Мы неторопливо брели вдоль рю Сен-Жан, свернули на рю де Карм и двигались к усаженному деревьями кварталу, который был переименован в парк де ля Насьон. Шарлотта вспоминала о смерти виконта де Бельсанса, который был начальником тюрьмы Кана. Наверняка он был воинственным сторонником старого, несправедливого общественного устройства, но разве могло заблуждение, основанное лишь на политической установке, оправдать то, что его искромсали ножницами на куски, вырвали из груди сердце, а голову, руки и кишки поддели навозными вилами и показывали народу?

— Это отвратительно! Ужасно, что они зажарили сердце молодого человека на костре. И тут же одна женщина его съела! Кто ответит за такие ужасные поступки?

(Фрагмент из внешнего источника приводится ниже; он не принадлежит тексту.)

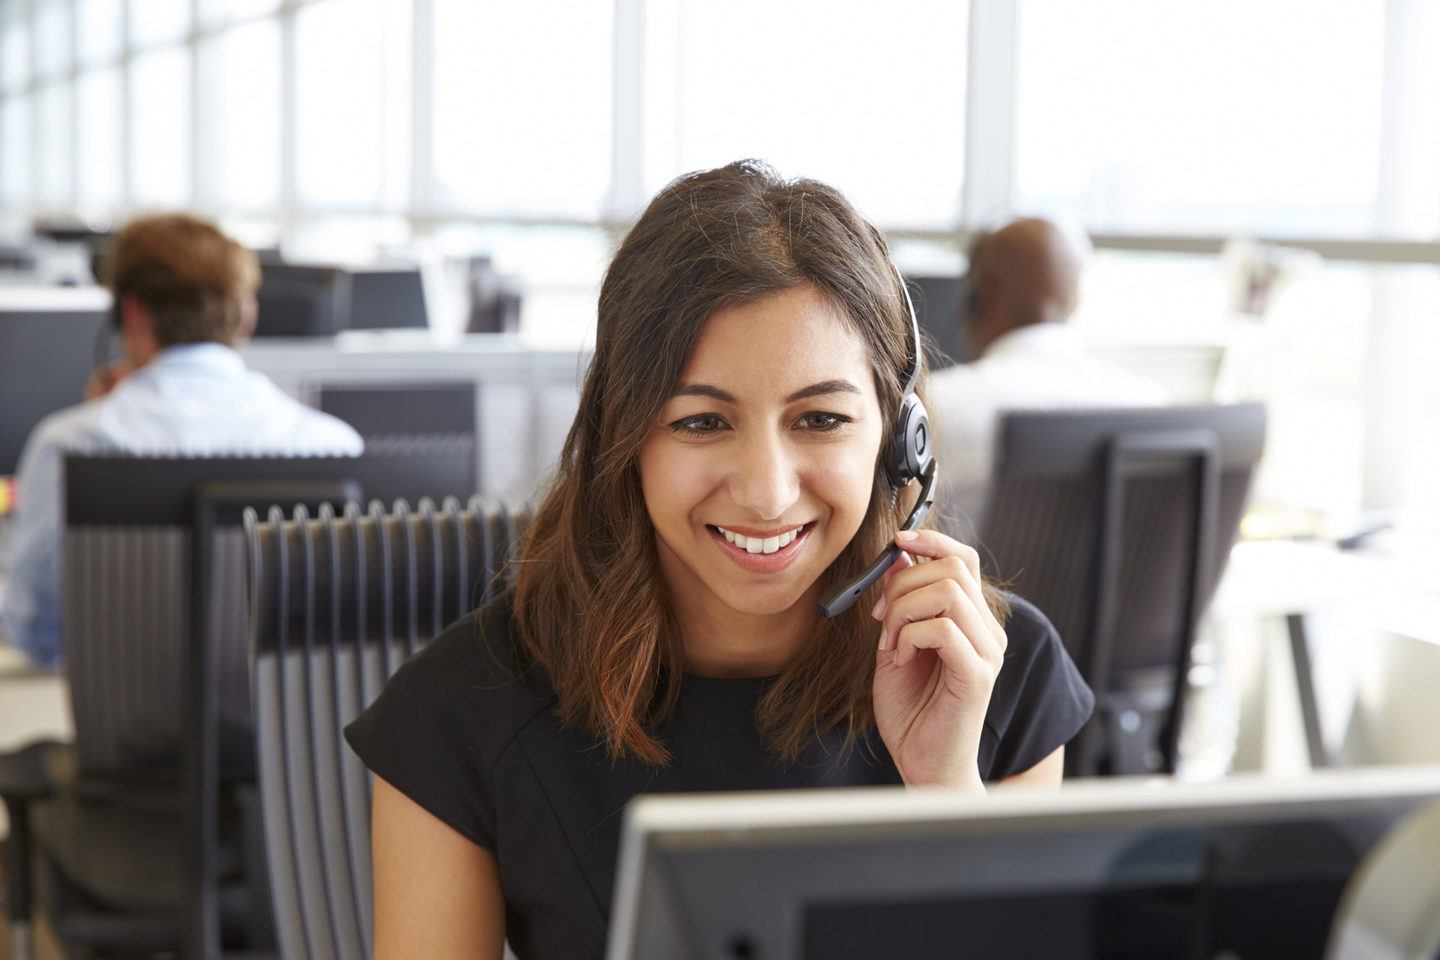 Is Your Unified Communications Solution Ready for Employees to Work From Anywhere

Я возмущаюсь вместе с ней и задаю себе те же вопросы, не преминув при этом лишний раз подивиться её элегантности. Я раздумываю, какая рубашка может быть надета у неё под платьем с рюшами. Мысленно я наделяю её полосатеньким дессуа и розовой нижней юбкой, на которой вышиты вензеля её инициалов. Я не могу отвести от неё глаз, когда мы вспоминаем о высохшем стволе революционного дуба в инциденте 5 ноября прошлого года. В тот день над семьёй пастора церкви Сен-Жана надругались самым отвратительным образом, какой только можно себе представить: были обесчещены его мать и сёстры.

Она возмущается вместе со мной. Мы потрясённо вызываем в памяти сентябрьскую резню в Париже, которая залила кровью наши идеалы социальной справедливости. Я чувствую в Шарлотте такую потребность в нежности, что охотнее всего обнял бы её; лишь сознание долга, моя теперешняя роль и важность дела, поставленного на кон, удерживают меня. Что мне делать? Рассказать ей про Марата? Показать ей, что во главе клуба якобинцев стоит человек, который всё это сделал и будет и впредь именем справедливости нагромождать горы трупов? Или мне лучше поручить кому-нибудь другому это задание — сообщить ей о существовании этого монстра?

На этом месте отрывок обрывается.